Correlating Tendons with Specific Muscles

• The first tendon sheath encountered is notably tough and comprises tendons from abductor pollicis longus and extensor pollicis brevis. Subsequent sheaths house tendons from radial wrist extensors before progressing to individual tendons like extensor pollicis longus.

Identification of Various Tendon Sheaths

• Continuing medially reveals tendon sheaths housing muscles like extensor digitorum and extensor indicis before reaching those for extensor digiti minimi. The final sheath accommodates extensor carpi ulnaris muscle tendon.

New Section

In this section, the speaker discusses the formation of different structures within the hand.

Formation of Hand Structures

• The first plane consists of the abductor pollicis brevis muscle, instrumented with a clamp and tied to the superficial branch of the radial artery. This forms part of the thenar compartment.

• The superficial arch may not always be formed by both the ulnar and radial arteries. The second plane includes the superficial portion of the flexor pollicis brevis muscle and deeper adductor pollicis muscle.

• The thenar compartment's second plane comprises the opponens pollicis, superficial portion of flexor pollicis brevis, and recurrent branch providing innervation to this region. The third plane involves the deep portion of flexor pollicis brevis.

New Section

This section delves into additional structures within the hand anatomy.

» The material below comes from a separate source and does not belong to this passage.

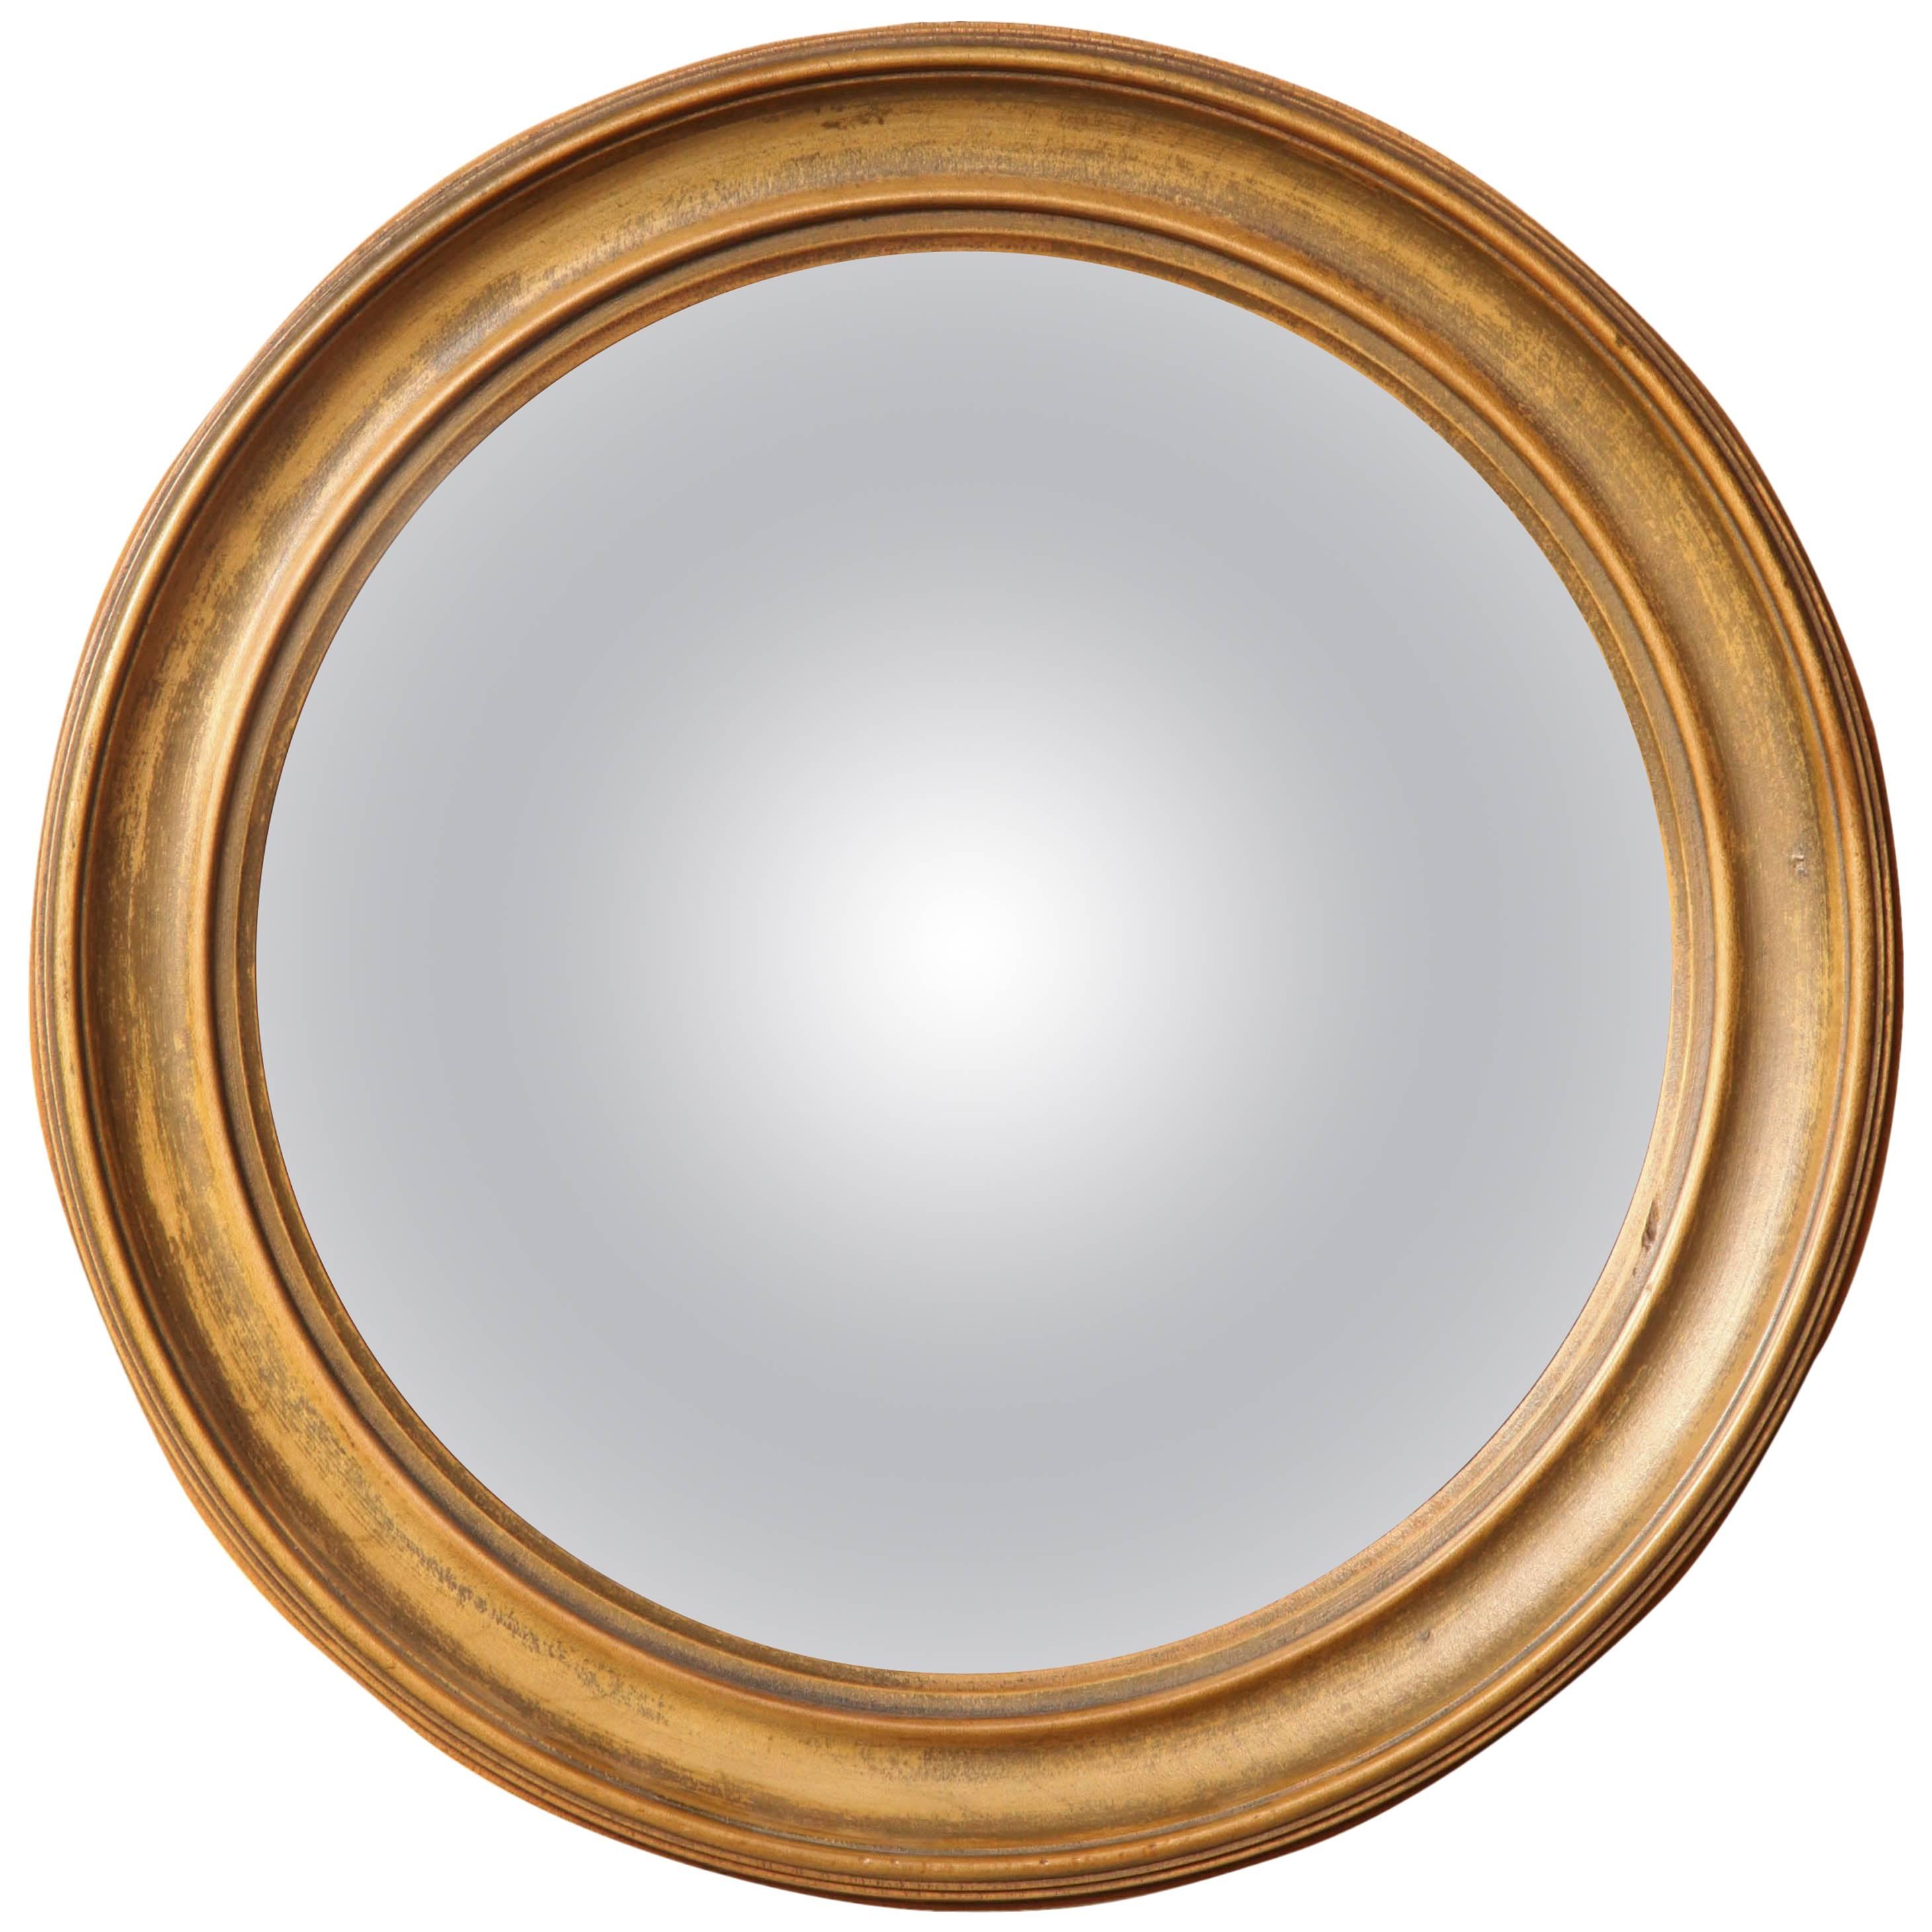 Late 19th Century English Convex Mirror

Further Hand Anatomy Details

• The deep portion of flexor pollicis brevis is essential in forming the fourth plane along with adductor pollicis muscle and radial artery for vascular supply.

• Exploring deeper regions, it is noted that the radial artery penetrates into deeper spaces for further analysis in subsequent sections.

New Section

Here, a discussion on specific muscles forming various planes within hand compartments takes place.

Muscles in Hand Compartments

• Within hypothenar compartment's first plane lies abductor digiti minimi and flexor digiti minimi muscles. In contrast, only abductor digiti minimi constitutes the second plane. The third plane includes deep branches from ulnar artery and nerve directed laterally towards interossei muscles.